Dibandingkan dengan Tabasco dan gue yang awam bgt mslh mission trip, Anomali adalah seorang expert. Berpengalaman menjelajahi dalam & luar negeri dlm berbagai ekspedisi. Omongannya tinggi, ngawang2, tapi terbukti dalam bentuk real live action. Punya standar tertentu dan akan berusaha untuk memenuhi standar tsb. Makanya layak bgt klo dia jadi leader menggantikan Judas (yg shrsnya bs memposisikan dirinya sbg leader mengingat umur & profesi & ke-orang lokal-annya).
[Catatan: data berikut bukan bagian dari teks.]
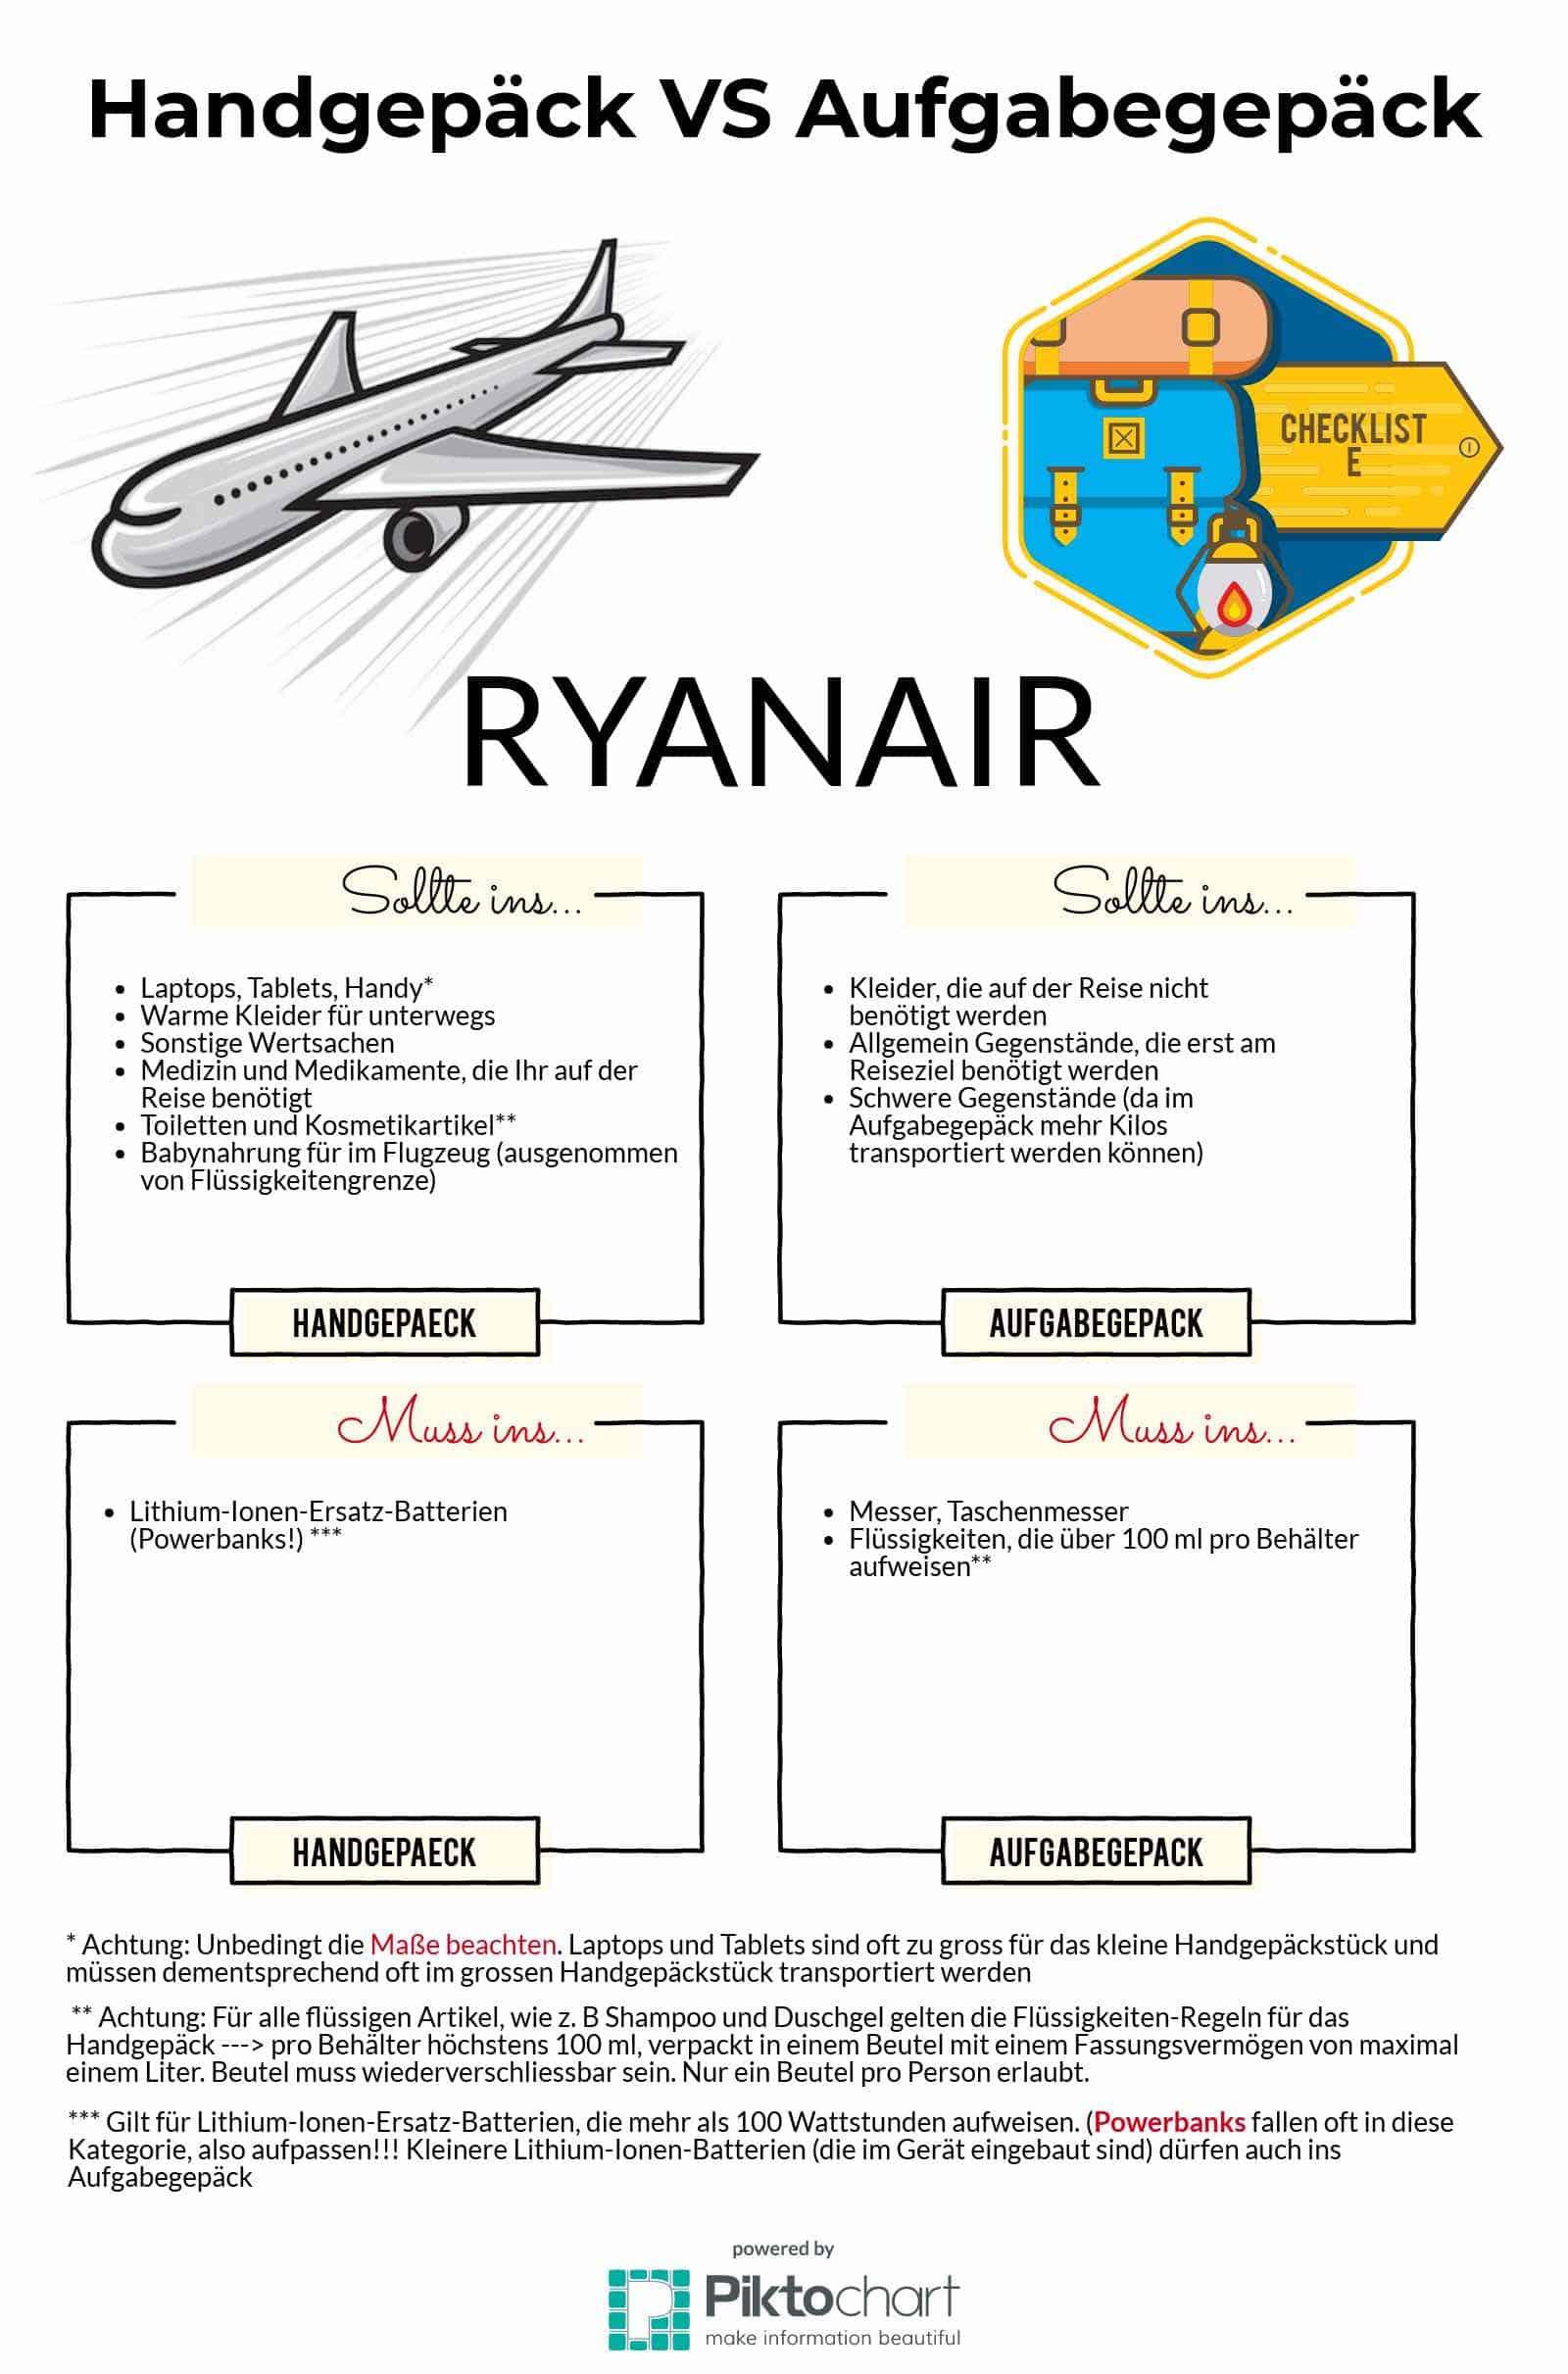 Ryanair gepäck maße 2019

Di Senaning, listrik PLN tenaga diesel hanya exist dari jam 18 – 6. Selebihnya bergantung pada cahaya matahari untuk menerangi bumi.
Maka di pagi yang dingin, kelabu, dan basah karena lebatnya hujan, kami bertiga ngahuleng di ruang tengah rumah YM. Klo ga jadi ke Sebetung-Paluk, apa gunanya kami jauh2 pergi dari Bandung?? Kami juga merasa aneh. Saat Anomali memutuskan kami tidak jadi berangkat dengan boat yang harga supirnya super mahal itu, tidak nampak perlawanan dari Judas. Dia tidak tampak kecewa ataupun tampak berusaha memikirkan alternatif lain. Padahal dia harusnya (harusnya!) very eager to make this plan succeed. Bukankah ini impiannya sejak lama? Hasrat hatinya yang terpendam demi kemajuan daerahnya? Dia tenang2 saja & malah menyuruh kami voting setuju/tdk setuju batal ke Sebetung-Paluk. Suatu bentuk cari aman sebagai bahan pelaporan ke pihak Bandung nanti. Makinlah kami tak habis pikir.